Пролетарский социализм, который по сей день сохраняется в идеалах многих независимых социалистов и синдикалистов, имеет более комплексную и сложную генеалогию. Он происходит частично из трансформации ремесленников в индустриальных рабочих во время взрывных лет Индустриальной революции. Похоже, на него как на движение оказала влияние — помимо всех теорий — уходящая корнями в деревню и небольшой город значительная пролетаризация крестьян, которых принуждали оставить деревни и сельскохозяйственную культуру. То, что они привнесли в эту докапиталистическую культуру с ее естественными ритмами и ценностями, имеет ключевое значение для объяснения характера их недовольства и воинственности. Рабочие классы традиционного индустриального капитализма, даже уже в 1920-х и 1930-х гг. в Америке и Европе, не были «потомственными» пролетариями. Американские рабочие автомобильных заводов, например, были набраны в Аппалачских горах в первой половине нашего века. Много французских и особенно испанских рабочих было набрано из деревень и небольших городов, они не были просто ремесленниками в больших городах, вроде Парижа. То же самое верно по отношению к рабочему классу, совершившему в 1917 г. революцию в России. Маркс, к своему непреходящему стыду, обычно считал этот в высшей степени подвижный слой der alte scheisse (буквально, старым дерьмом) и ни в коей мере не рассчитывал на них в смысле свершения революций, с чем и можно поздравить его последователей.

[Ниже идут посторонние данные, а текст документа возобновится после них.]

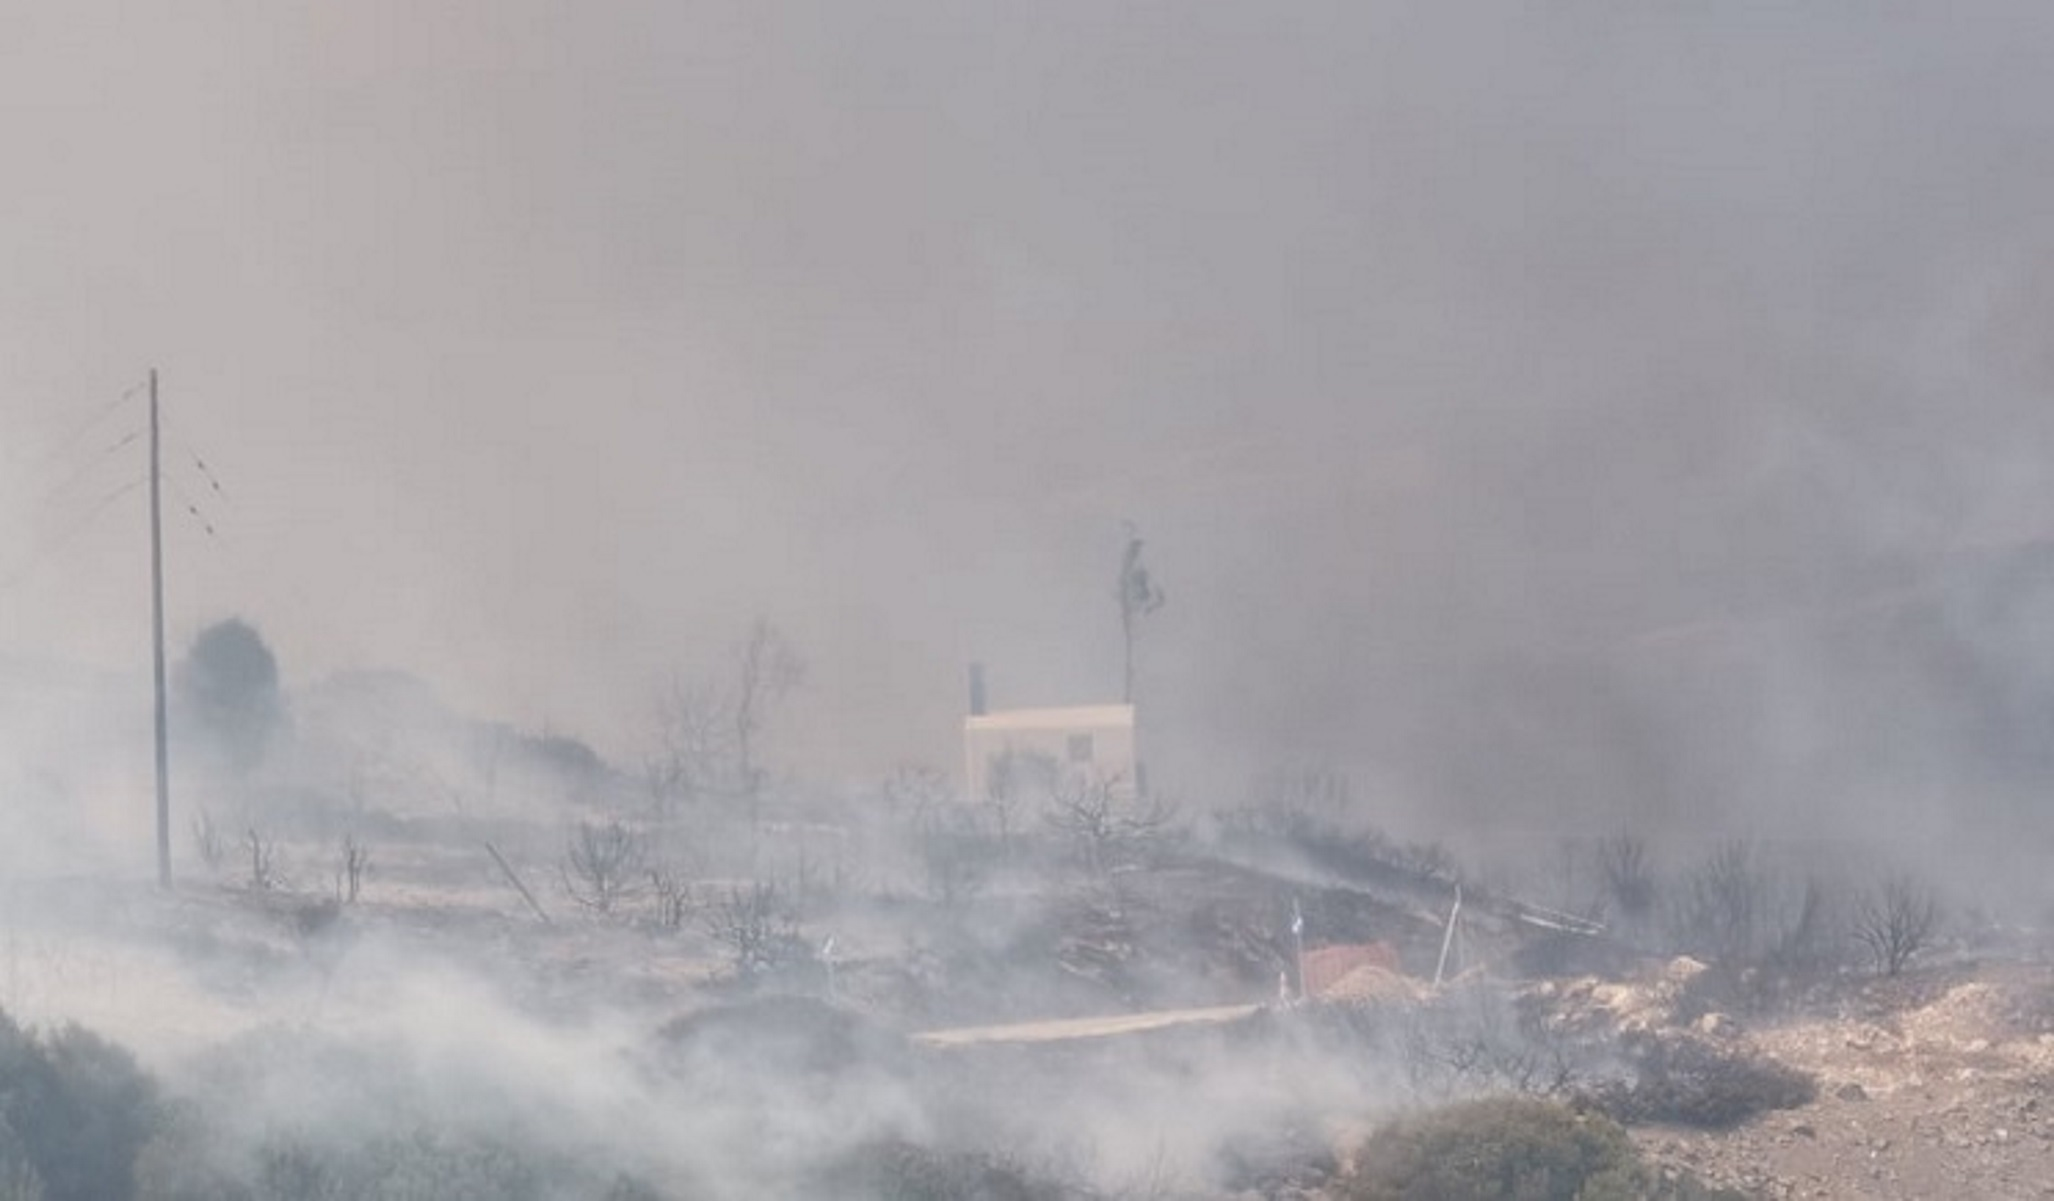 Φωτιά στην Πάρο: Οι φλόγες έφτασαν κοντά σε σπίτια (video)

На этом сельском фоне сложилась в высшей степени сложная мозаика из отношений, ценностей и напряжений между доиндустриальной и индустриальной культурой, каждая из которых формировала пылкий характер мужчинам и женщинам, которыми, хотя они и работали с современными машинами и жили в больших, часто высоко образованных, урбанистических районах, управляли в основном ремесленные и крестьянские ценности. Первоклассные рабочие-анархисты, которые прожигали деньги, награбленные в оружейных магазинах Барселоны в лихорадочные июльские дни подъема 1936 г. (как сообщает Рональд Фрезер), действовали под влиянием глубоко утопических и этических идей, а не просто из экономических интересов, которыми капитализм должен был пропитать во многом рабочий класс с течением времени. Пролетариат конца XIX - начала XX вв. был особой социальной породой. Она была деклассирована по своему мышлению, стихийна в жизненном натурализме своего поведения, разозленная из-за потери своей автономности, и сохраняла своими ценностями разрушенный мир ремесленничества, любовь к земле и общинную солидарность.